I'm still trying to find a reviewer. It's on my plate. But it's not a blocker 
because the issue already existed in older versions of Flink:
{quote}
I also verified that this is not something that was introduced in Flink 1.18 
with the FLIP-285 changes. AFAIS, it can also happen in 1.17- (I didn't check 
the pre-FLINK-24038 code but only looked into release-1.17).
{quote}

> HA deadlock between JobMasterServiceLeadershipRunner and 
> DefaultLeaderElectionService
> -------------------------------------------------------------------------------------
>
>                 Key: FLINK-34672
>                 URL: https://issues.apache.org/jira/browse/FLINK-34672
>             Project: Flink
>          Issue Type: Bug
>          Components: Runtime / Coordination
>    Affects Versions: 1.17.2, 1.19.0, 1.18.1, 1.20.0
>            Reporter: Chesnay Schepler
>            Assignee: Matthias Pohl
>            Priority: Major
>              Labels: pull-request-available
>             Fix For: 1.18.2, 1.20.0, 1.19.1
>
>
> We recently observed a deadlock in the JM within the HA system.

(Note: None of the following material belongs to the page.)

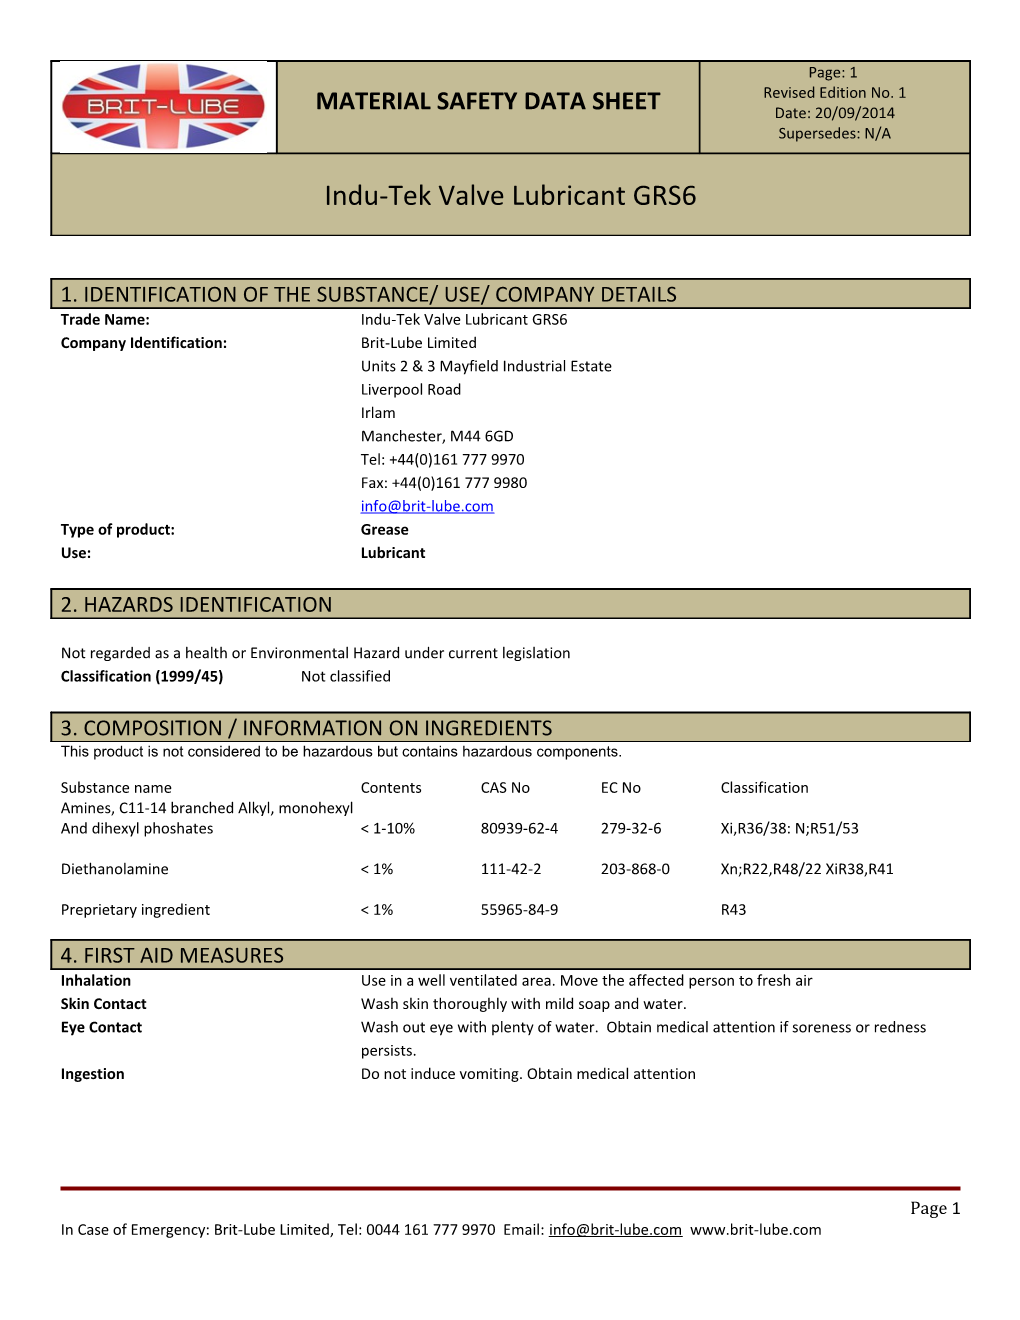 Trade Name:Indu-Tek Valve Lubricant GRS6

> (see below for the thread dump)
> [~mapohl] and I looked a bit into it and there appears to be a race condition 
> when leadership is revoked while a JobMaster is being started.
> It appears to be caused by 
> {{JobMasterServiceLeadershipRunner#createNewJobMasterServiceProcess}} 
> forwarding futures while holding a lock; depending on whether the forwarded 
> future is already complete the next stage may or may not run while holding 
> that same lock.
> We haven't determined yet whether we should be holding that lock or not.
> {code}
> "DefaultLeaderElectionService-leadershipOperationExecutor-thread-1" #131 
> daemon prio=5 os_prio=0 cpu=157.44ms elapsed=78749.65s tid=0x00007f531f43d000 
> nid=0x19d waiting for monitor entry  [0x00007f53084fd000]

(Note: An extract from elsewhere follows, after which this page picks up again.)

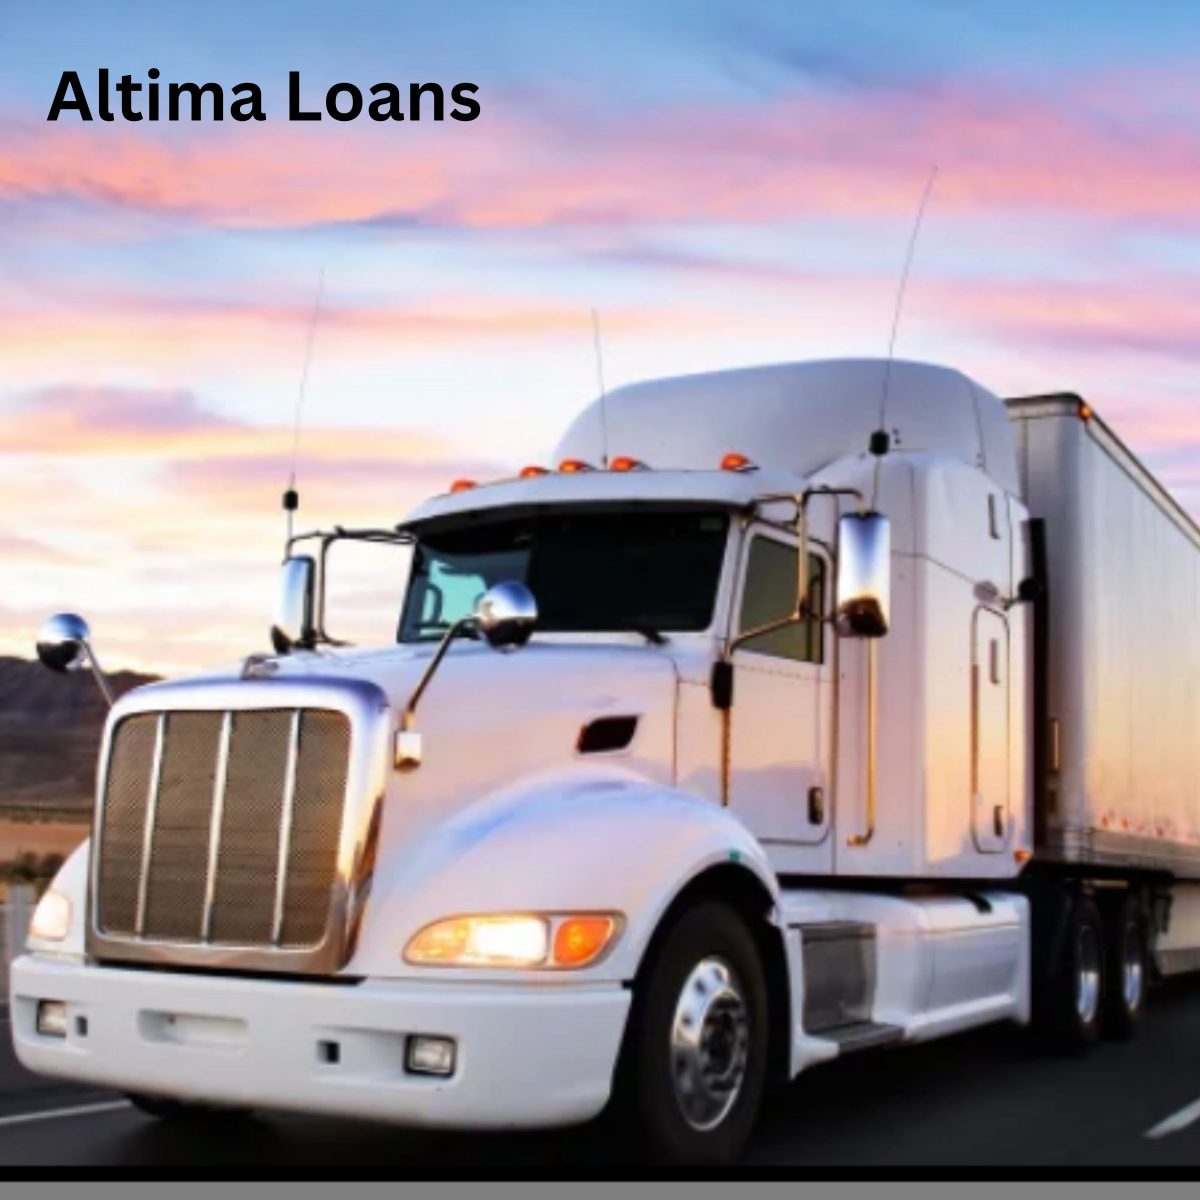 Altima Loans

>    java.lang.Thread.State: BLOCKED (on object monitor)
>         at 
> org.apache.flink.runtime.jobmaster.JobMasterServiceLeadershipRunner.runIfStateRunning(JobMasterServiceLeadershipRunner.java:462)

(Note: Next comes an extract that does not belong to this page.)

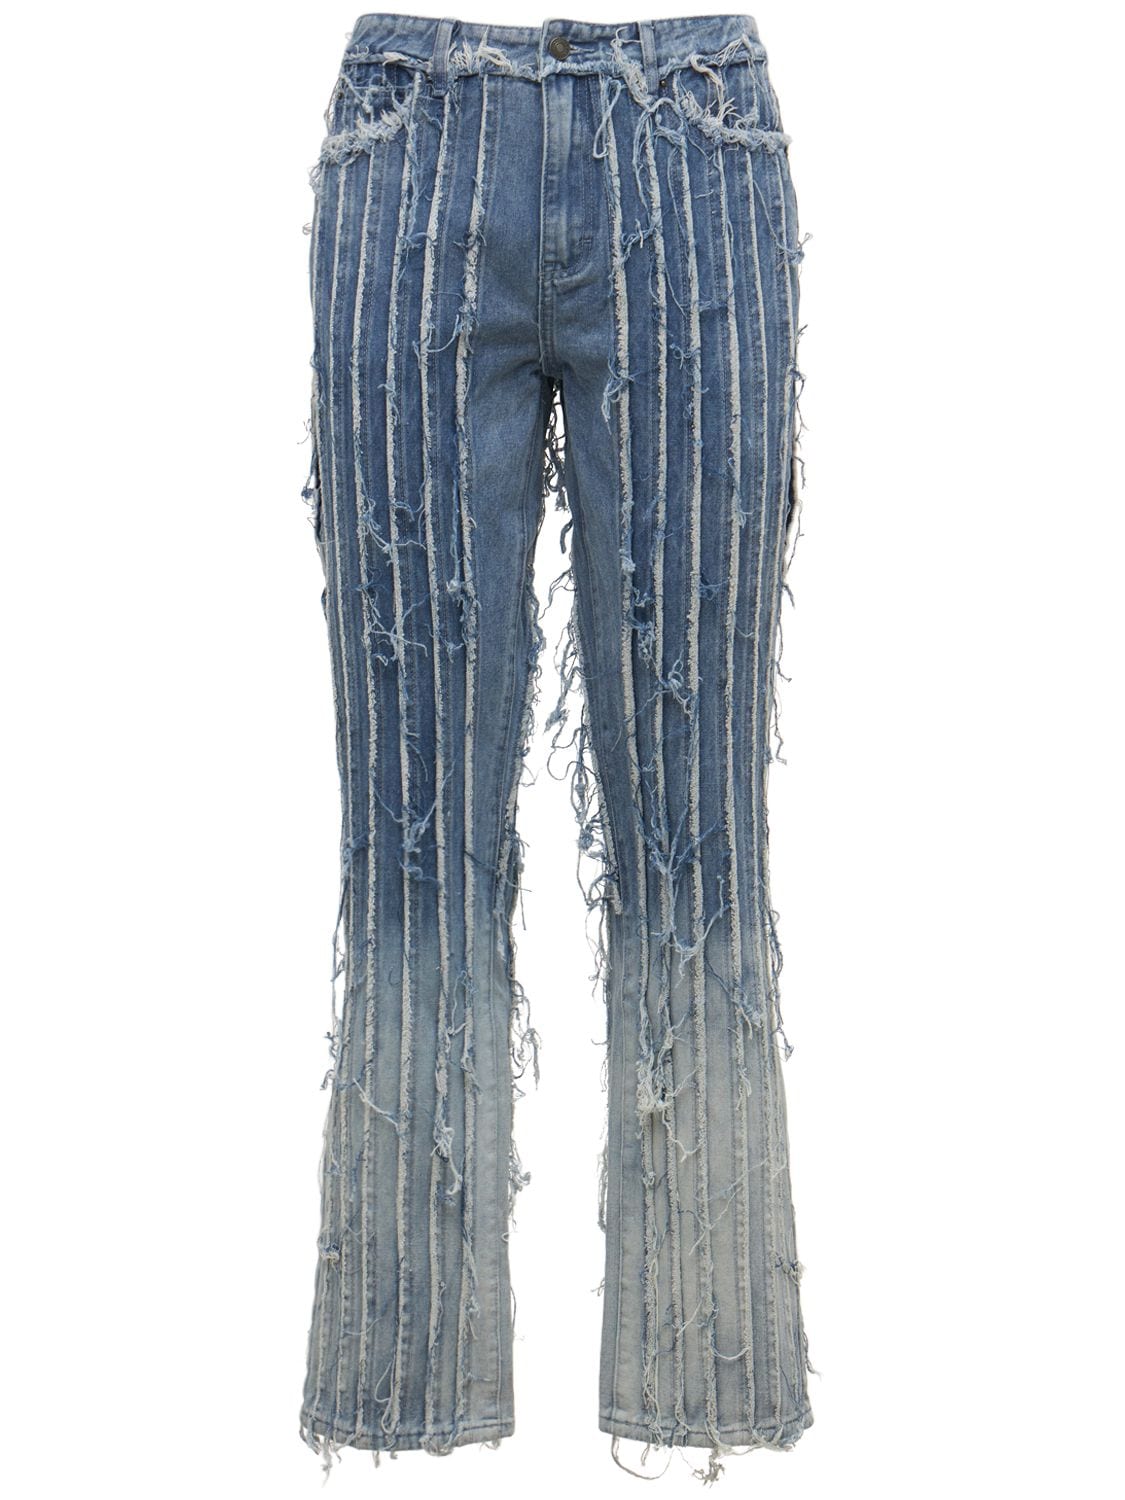 JADED LONDON Jeans | ModeSens

>         - waiting to lock <0x00000000f1c0e088> (a java.lang.Object)
>         at 
> org.apache.flink.runtime.jobmaster.JobMasterServiceLeadershipRunner.revokeLeadership(JobMasterServiceLeadershipRunner.java:397)
>         at 
> org.apache.flink.runtime.leaderelection.DefaultLeaderElectionService.notifyLeaderContenderOfLeadershipLoss(DefaultLeaderElectionService.java:484)
>         at 
> org.apache.flink.runtime.leaderelection.DefaultLeaderElectionService$$Lambda$1252/0x0000000840ddec40.accept(Unknown
>  Source)
>         at java.util.HashMap.forEach(java.base@11.0.22/HashMap.java:1337)
>         at 
> org.apache.flink.runtime.leaderelection.DefaultLeaderElectionService.onRevokeLeadershipInternal(DefaultLeaderElectionService.java:452)
>         at 
> org.apache.flink.runtime.leaderelection.DefaultLeaderElectionService$$Lambda$1251/0x0000000840dcf840.run(Unknown
>  Source)
>         at 
> org.apache.flink.runtime.leaderelection.DefaultLeaderElectionService.lambda$runInLeaderEventThread$3(DefaultLeaderElectionService.java:549)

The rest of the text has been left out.